The best example of bridging the gap between high and low register I have seen is when a child witness is being put under oath by a judge to swear under oath to tell the truth the whole truth and nothing but the truth The judge needs to verify that the child knows how to make a promise and if they know the difference between a lie and the truth. The judge breaks down the high register of the oath and piece by piece and institutes the child’s definition of a lie and then their definition of the truth. Finally the child is asked if they promise to tell the truth.  Further gaps in register are filled in by establishing and accepting the word choices used by the child. Often during the examination of the child, unique words and terms used by the child are defined by the child as what they call what the Judge is asking about. Then the Judge will use the same terms the child expresses for those same things or concepts. The child’s terms and definitions are verified and placed on the record in the process.

This merging of registers is not the job of the court interpreter. We simply follow the register as presented.  The Judge or attorney has the option and right to do this. But we interpreters have the responsibility to recognize different registers and interpret accurately and completely while maintaining that register.

Once you consider the speaker and setting youkan then be aware of the potential switch in register. Then you can smoothly interpret in the same register.  Attorneys, Judges, law enforcement professionals and interrogators/interviewers are trained to alter their register to facilitate comprehension.
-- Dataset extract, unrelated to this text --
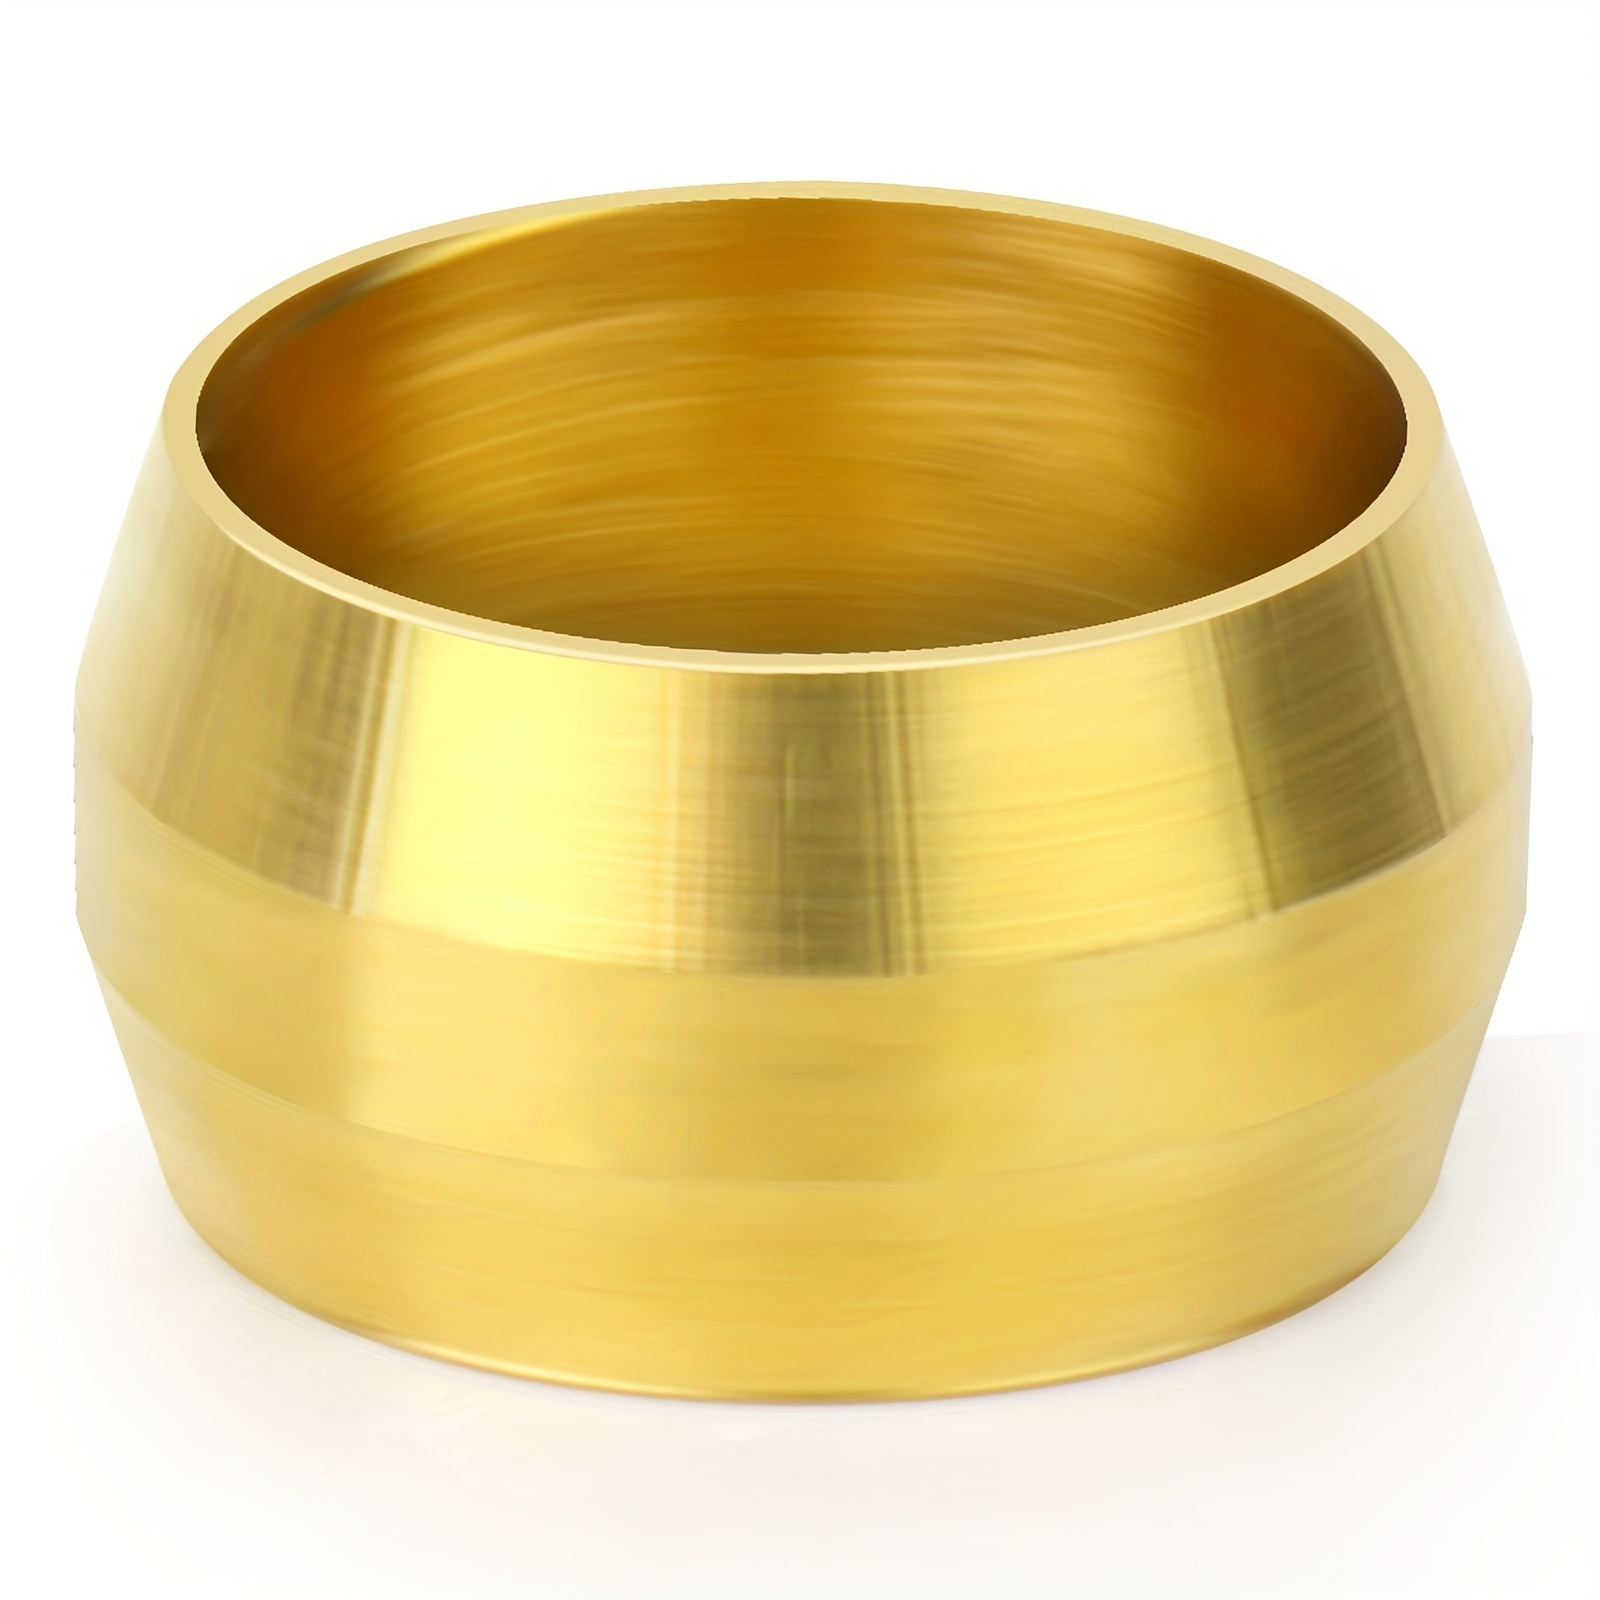 100pcs 4mm Tube OD Brass Compression Sleeves Ferrules Brass
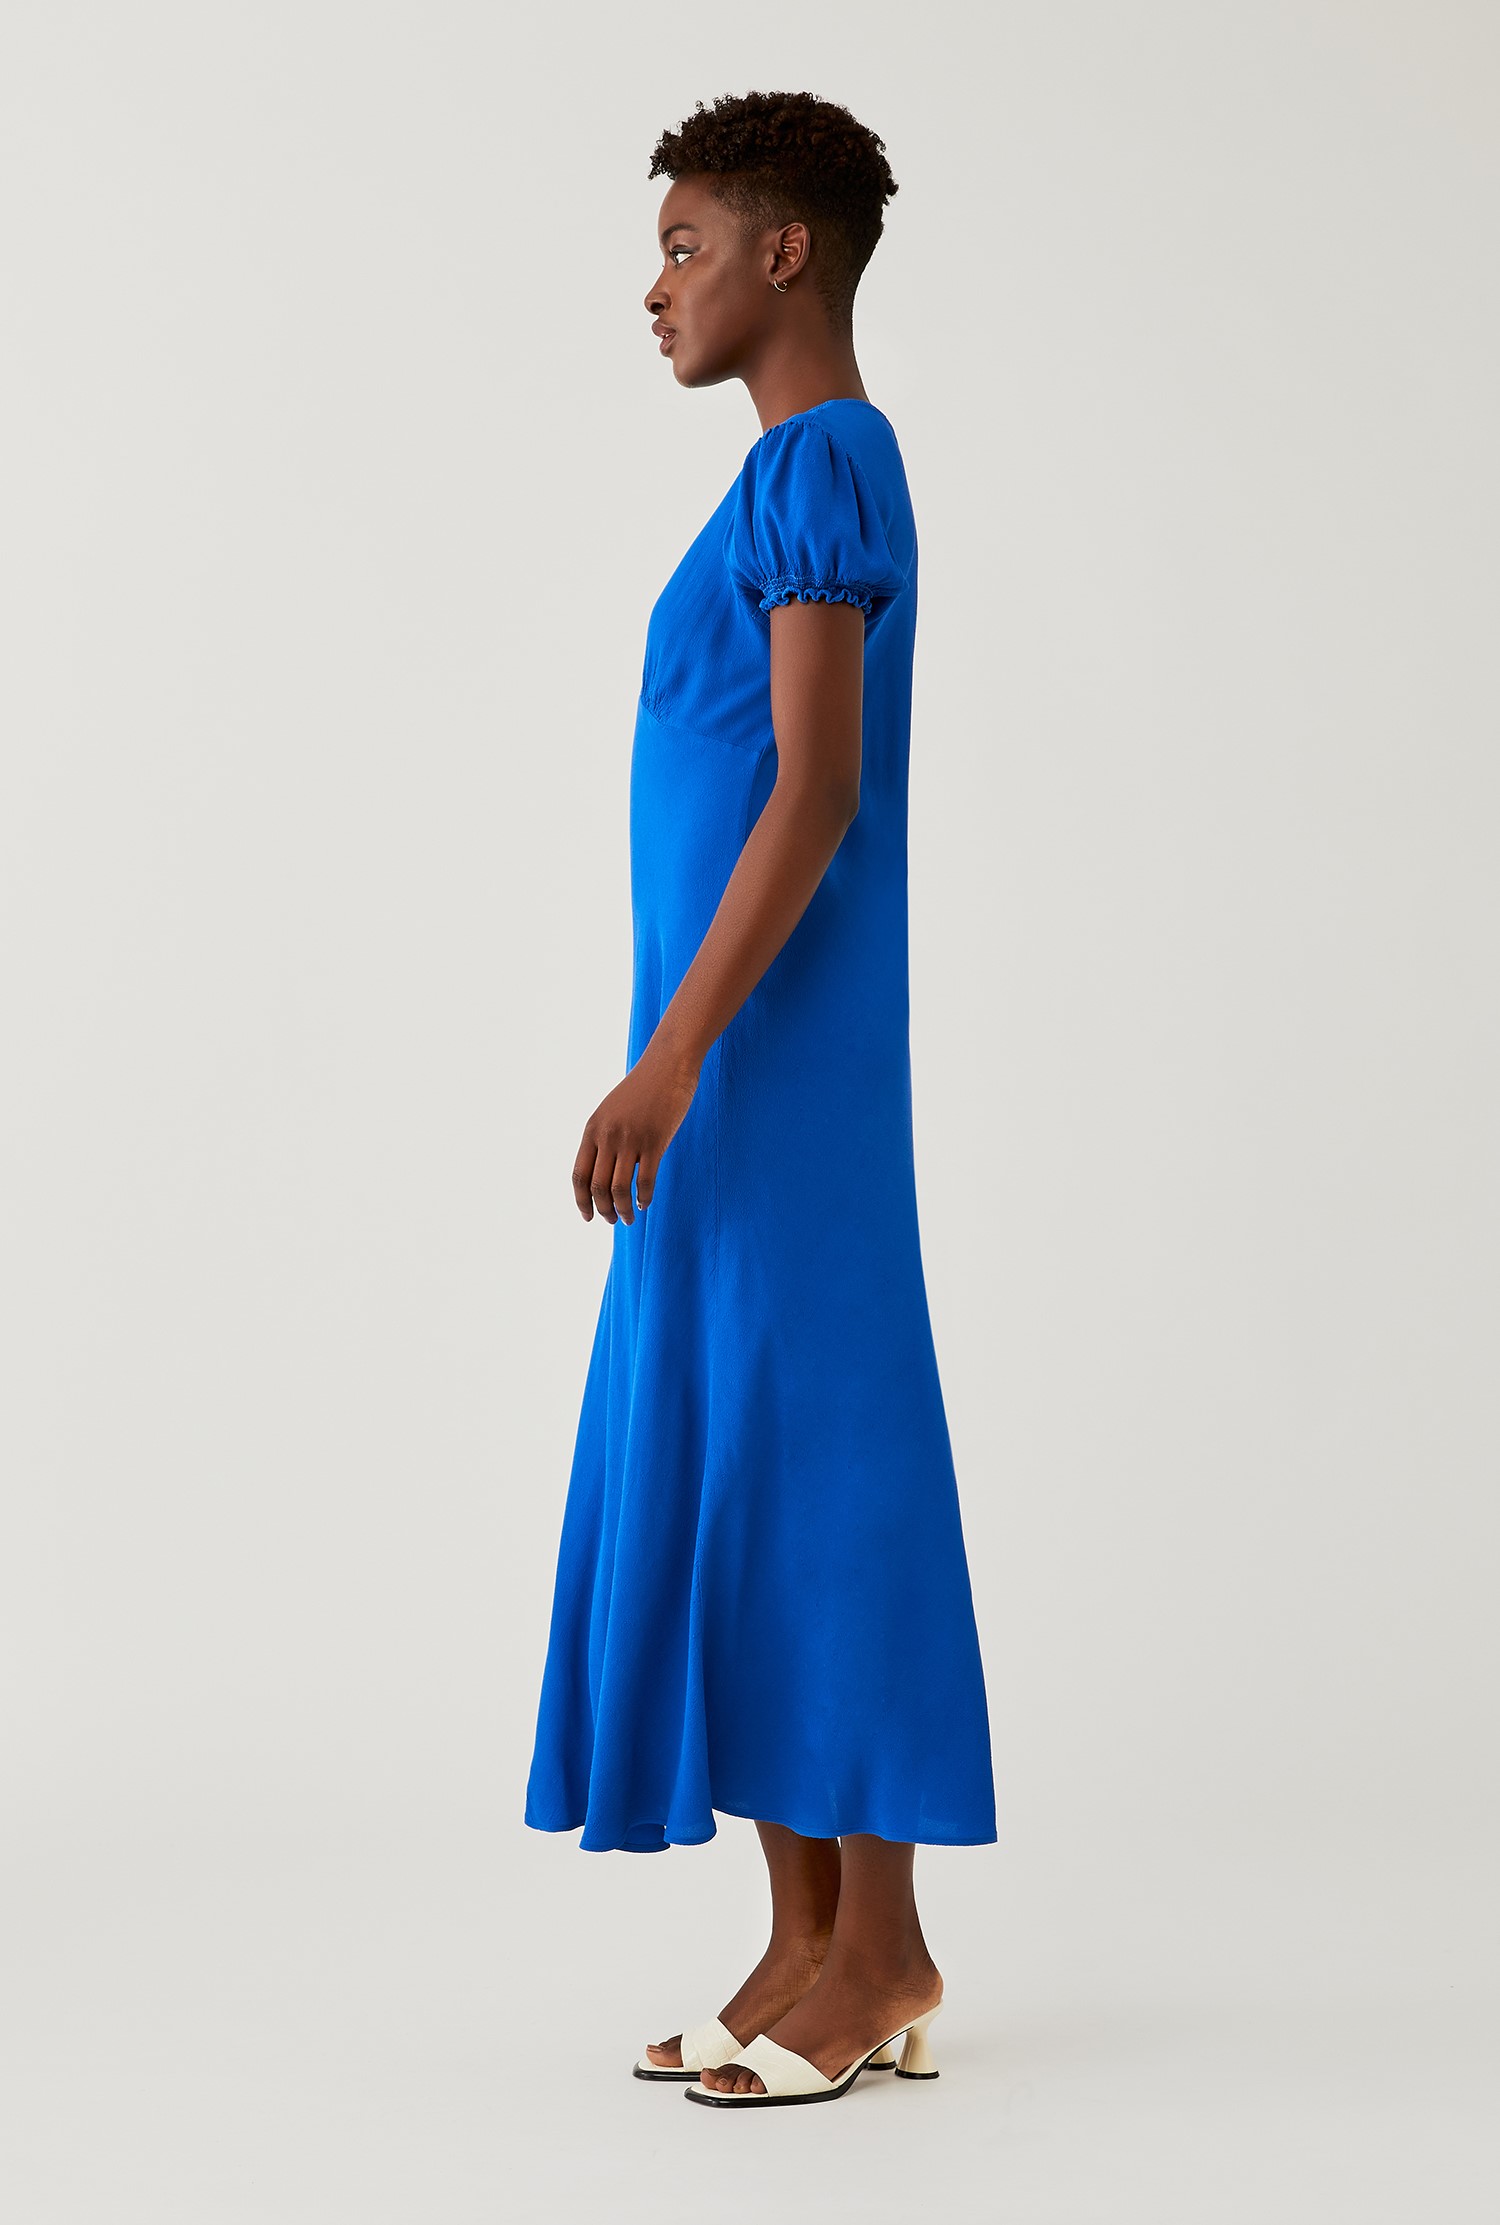 Poet Blue Midi Dress with Short Sleeves | Ghost London

Many times I have seen in a Q&A format when a formal register was used in the questions and the respondent really couldn’t understand the questions. I have also seen expert or technical witnesses respond in a formal register and had to be asked over and over to clarify their answer. It is also very common for a witness, who I am interpreting for at court, to seem to be caught off guard when they hear the formal register of the proceedings spoken by the Judge and attorneys. One result is they lose concentration and their testimony is diminished. They are already a bit nervous and they are used to conversing with their attorneys in an informal almost casual register. Litigators can resolve this by preparing the witness for the court room experience and explaining that they can expect to hear formal language during the proceedings. The interpreter cannot do this on their own.

Unfortunately if the questioner is not paying attention to the register abyss that has developed, they have the tendency to blame the interpreter for the miscommunication. Consider the source first. If there is a problem in the original wording, a good interpretation transfers that problem just like a telephone. And we, professional  interpreters, enjoy providing a good connection.